One out of every seven people goes hungry every single day, yet up to 40 percent of food that’s produced is wasted.
When Leah Lizarondo heard these alarming statistics, she took action by launching 412 Food Rescue, a nonprofit that redirects food to those who need it rather than allowing it to be sent to landfills.
To do this, the nonprofit partners with local businesses that find themselves with leftover food at the end of the day, for reasons including the food’s sell-by time, the food not meeting aesthetic standards, and transit mishaps. No matter the reason, 412 Food Rescue will find a use for it.
“Our goal is to be in 100 cities by 2030,” Leah said. “I think we can solve three of our biggest problems: food waste, food security, and mitigate climate change.”
In order to be as efficient as possible, they use their very own app, which allows volunteers to locate businesses that have a surplus of food. Once they select a location they’d like to help at, all they have to do is go there, pick up the food, then drop it off at the given location, such as another nonprofit, where the items will be given out.
Not only does this make volunteering easier, but it also ensures that more food gets to as many people as possible. In fact, this clever app is how they’ve become the largest volunteer-led food transport network in a single urban region!
Although 412 Food Rescue got its start in 2016 in the city of Pittsburgh, it has since expanded to several cities across the country, including Cincinnati and San Francisco. But the original location isn’t done expanding quite yet.
In 2019, the organization ran into a problem: They were receiving large gifts from big donors, but they didn’t have the proper space to store these donations and turn them into meals. Their solution? Open up their own kitchen!
Referred to as the Good Food Project, the solar-powered space has given this already life-changing organization a new way to make an even greater impact. At first, they were handing out 30 meals a week, but in the almost three years since they’ve opened, they’re now serving a mind-blowing 700 meals every single week.
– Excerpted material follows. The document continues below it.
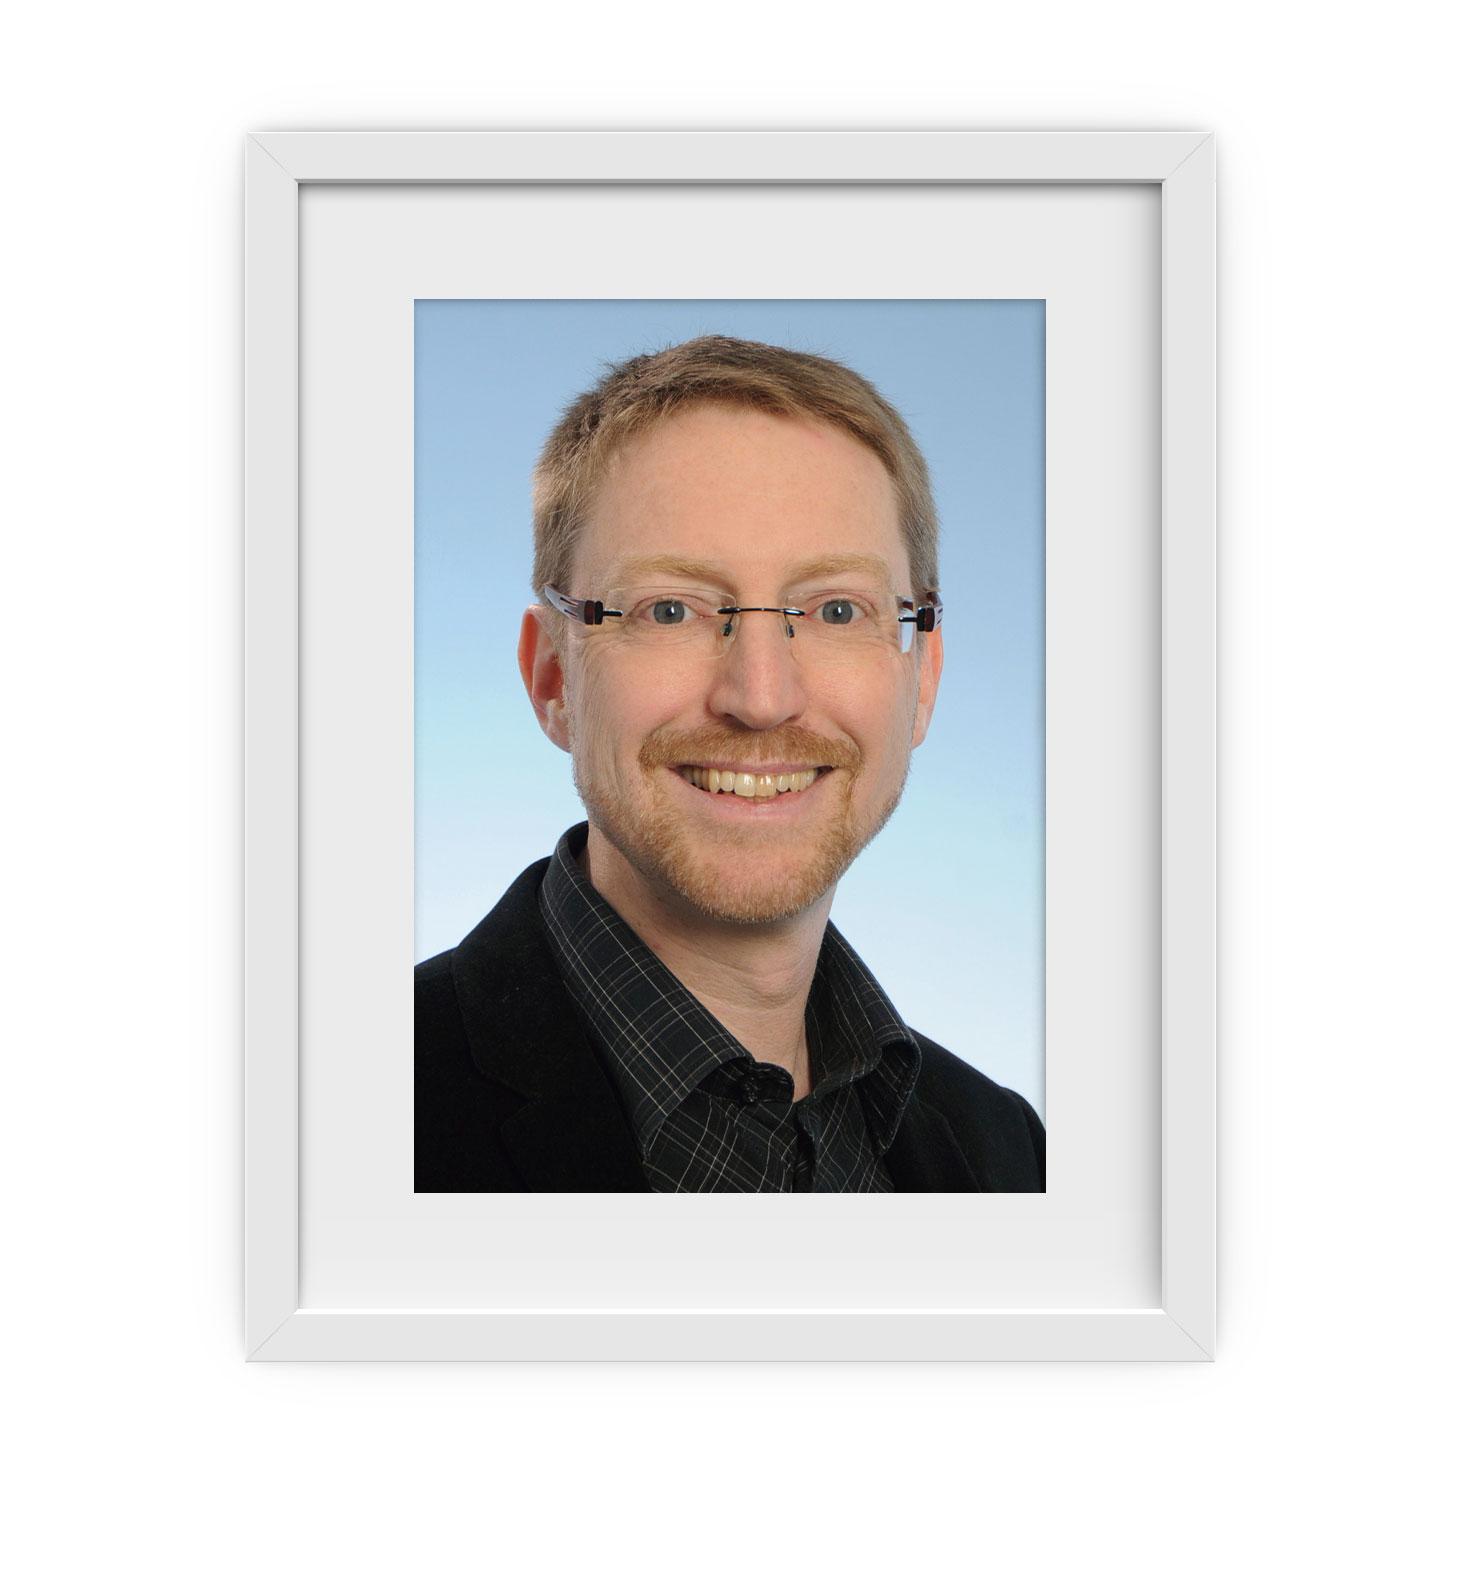 Portrait Ralf Halk

This increase in number is thanks, in part, to the new project manager, Greg Austin, who took over in May 2020. He “reassessed the project and came up with a plan about how to scale it and be more impactful.”
Their food is now delivered to quite a few places, but they primarily deliver to the North Side YMCA, Hugh Lane Wellness Foundation, Lawrenceville United, Homewood Children’s Village, and Millvale Free Fridge.
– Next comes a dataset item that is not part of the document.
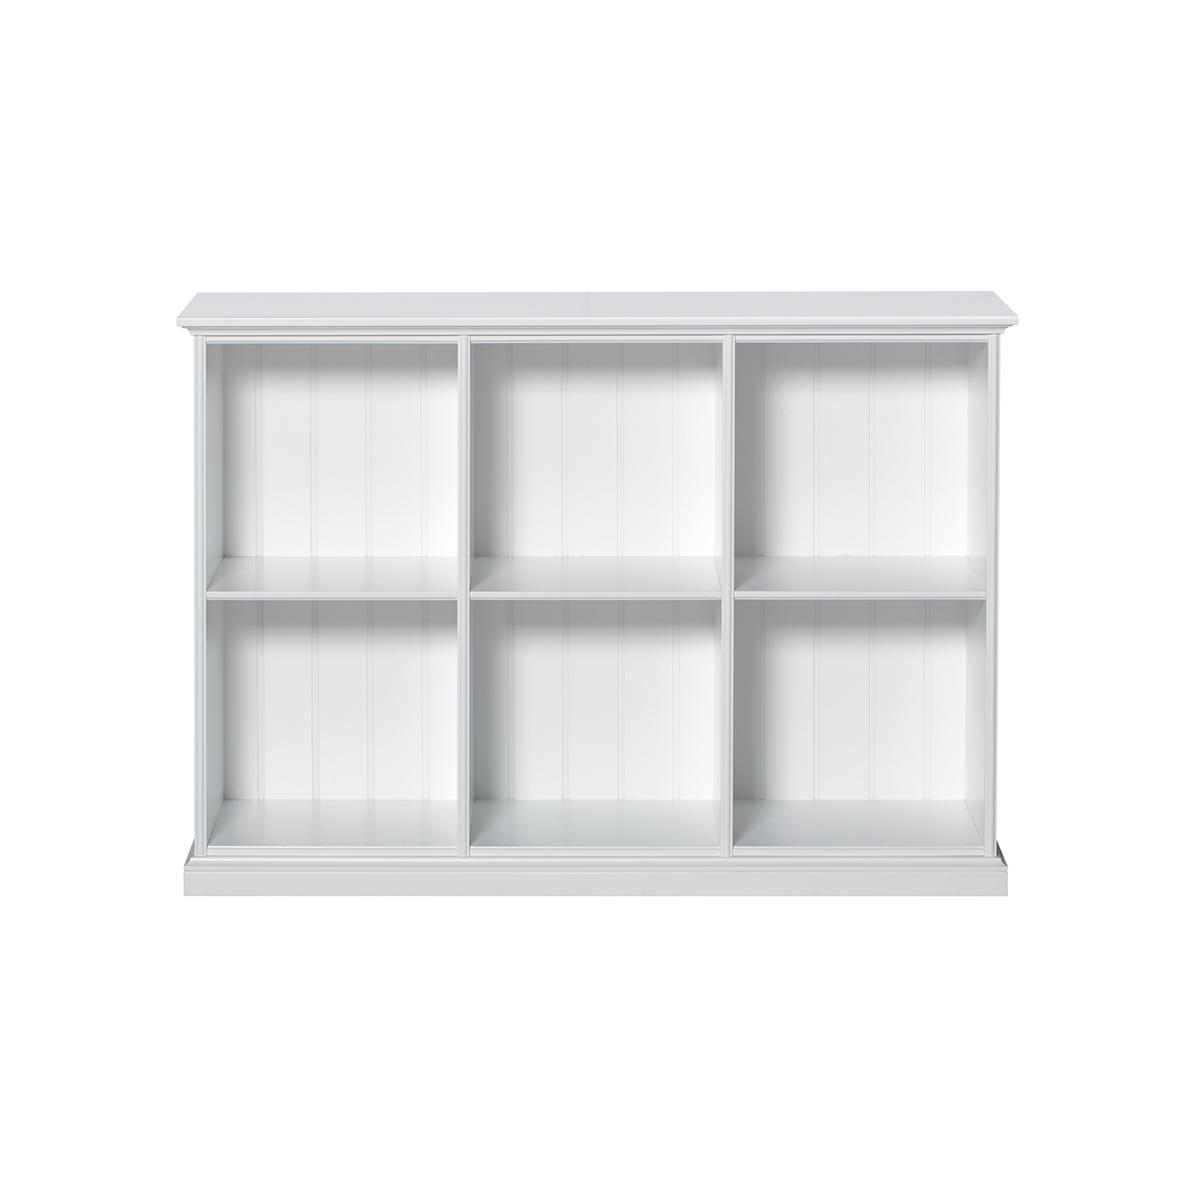 Bibliothèque 6 compartiments SEASIDE Oliver Furniture blanc

Although they aim to use as much of the food that they receive as possible, even the items that aren’t edible don’t go to waste. Instead, they’re taken to Ag Recycle, where the food can be used for compost, or to area farms via Pittsburgh-based Zero Waste Wrangler.
“We work to find a destination for as much as we can that comes in,” Greg said. “We’re not throwing any food in the trash.”
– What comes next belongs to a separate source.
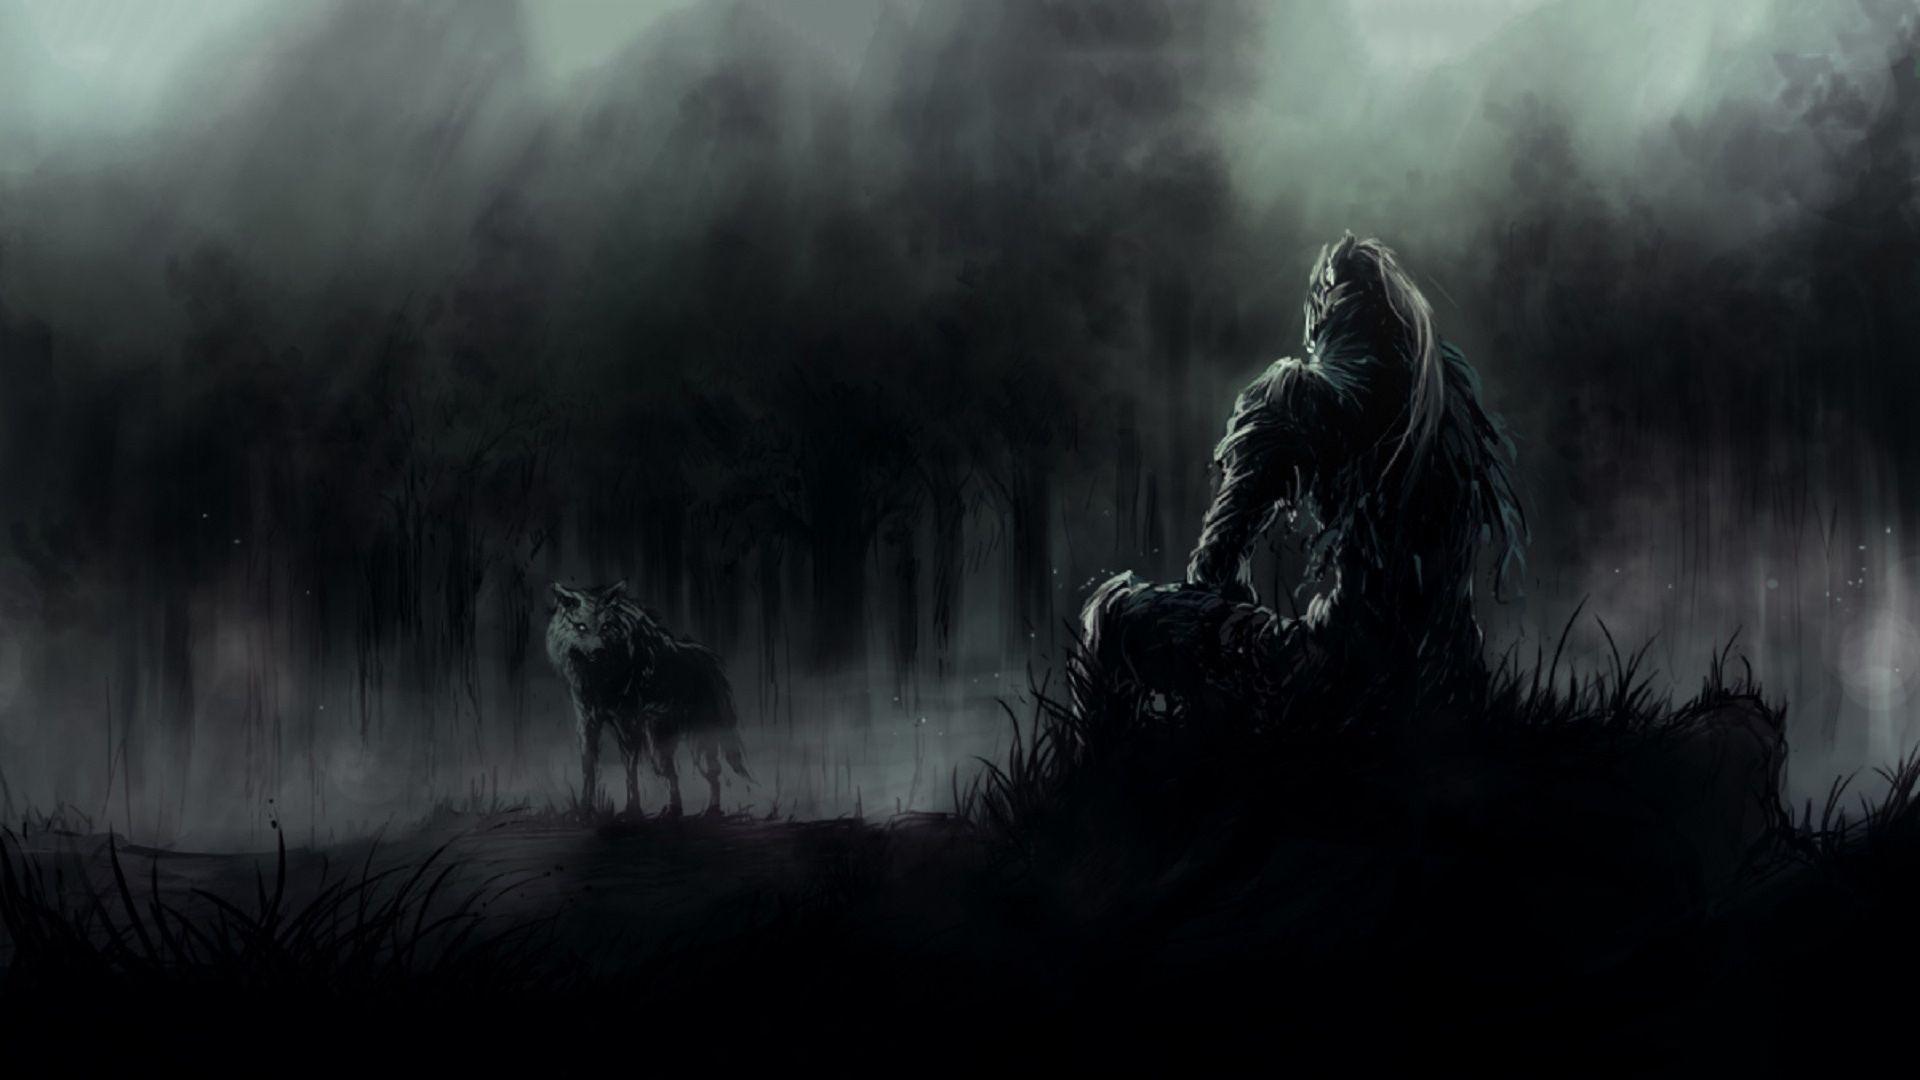 Dark Souls Wallpapers 1080p Jllsly Dark Souls Narcissist Breakup
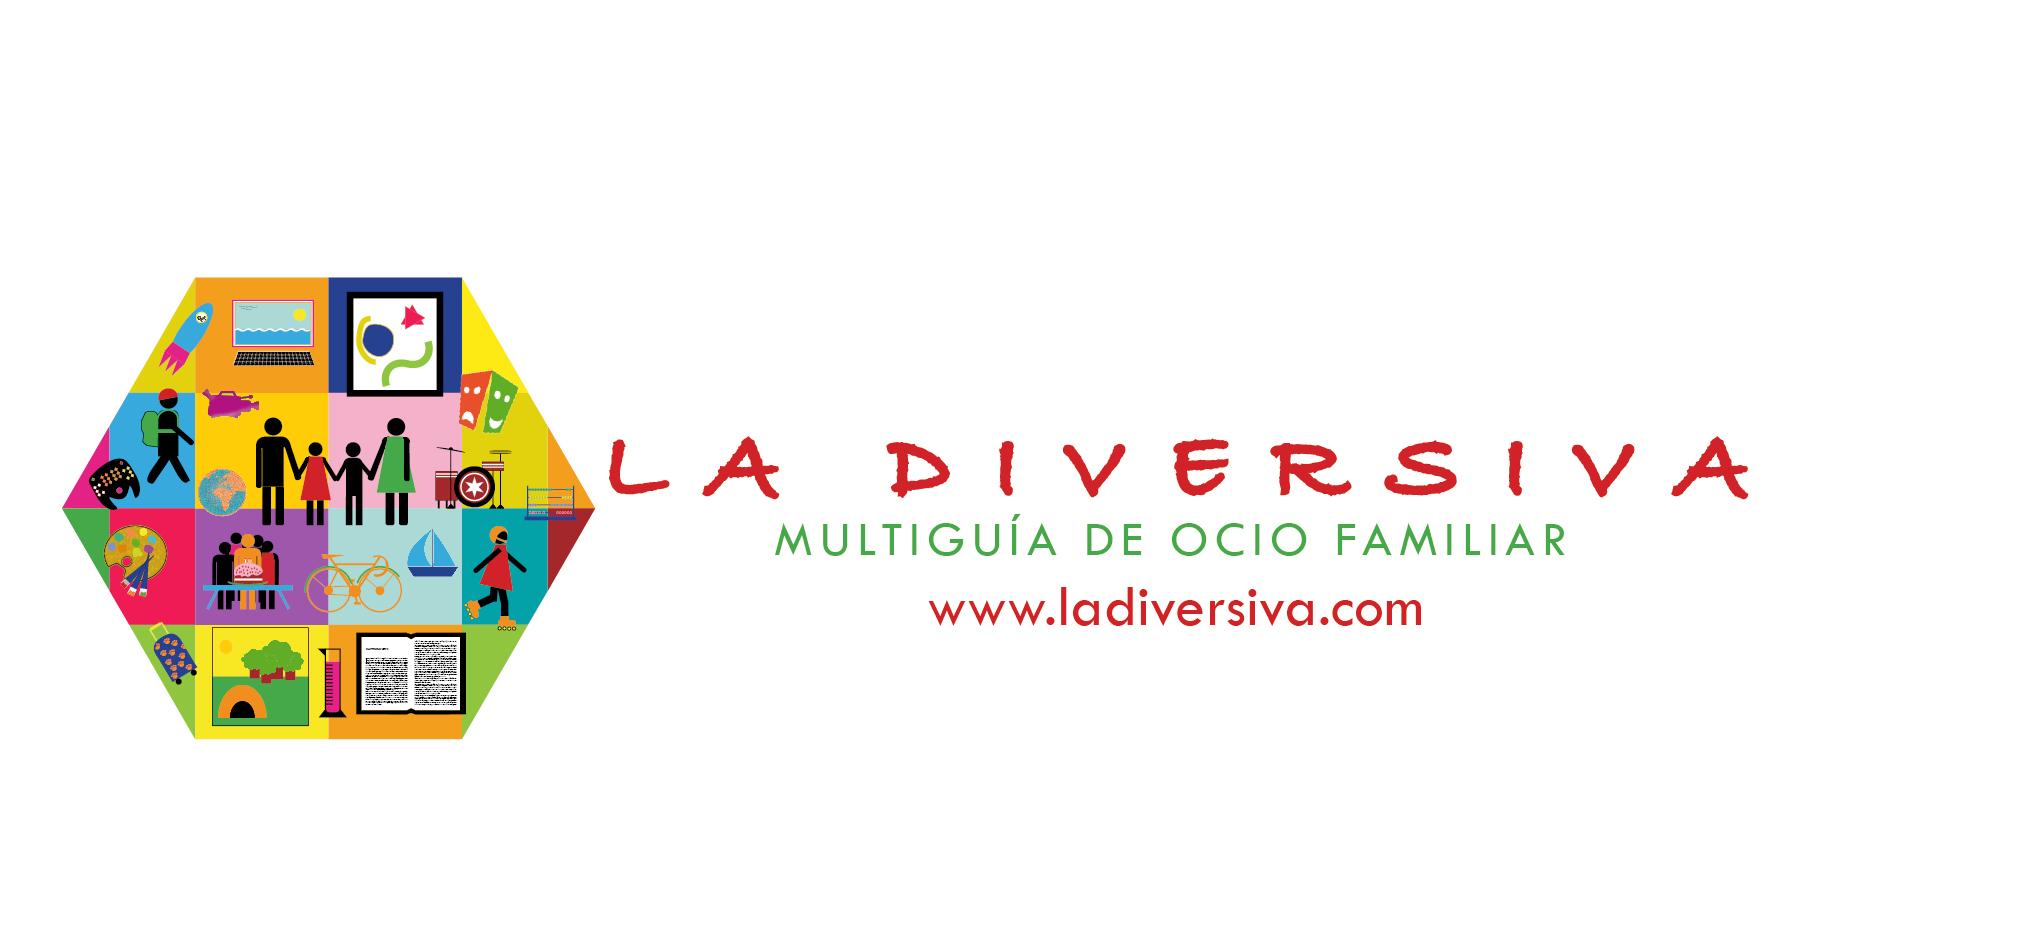 LOGO_DIVERSIVA_H

In addition to fighting food waste and hunger, 412 Food Rescue is working to protect the environment. How? By keeping food out of landfills. This is very effective because rotting food in landfills is the leading cause of greenhouse gas emissions — and makes up about 25 percent of all material in landfills!
There’s still a lot of work to be done, but thanks to Leah and her team, 20 million pounds of surplus have been diverted from landfills and turned into 17 million meals.
“I think we will look back at history and say, ‘It was that simple,'” Leah said. “If we give people the opportunity to help, they will.”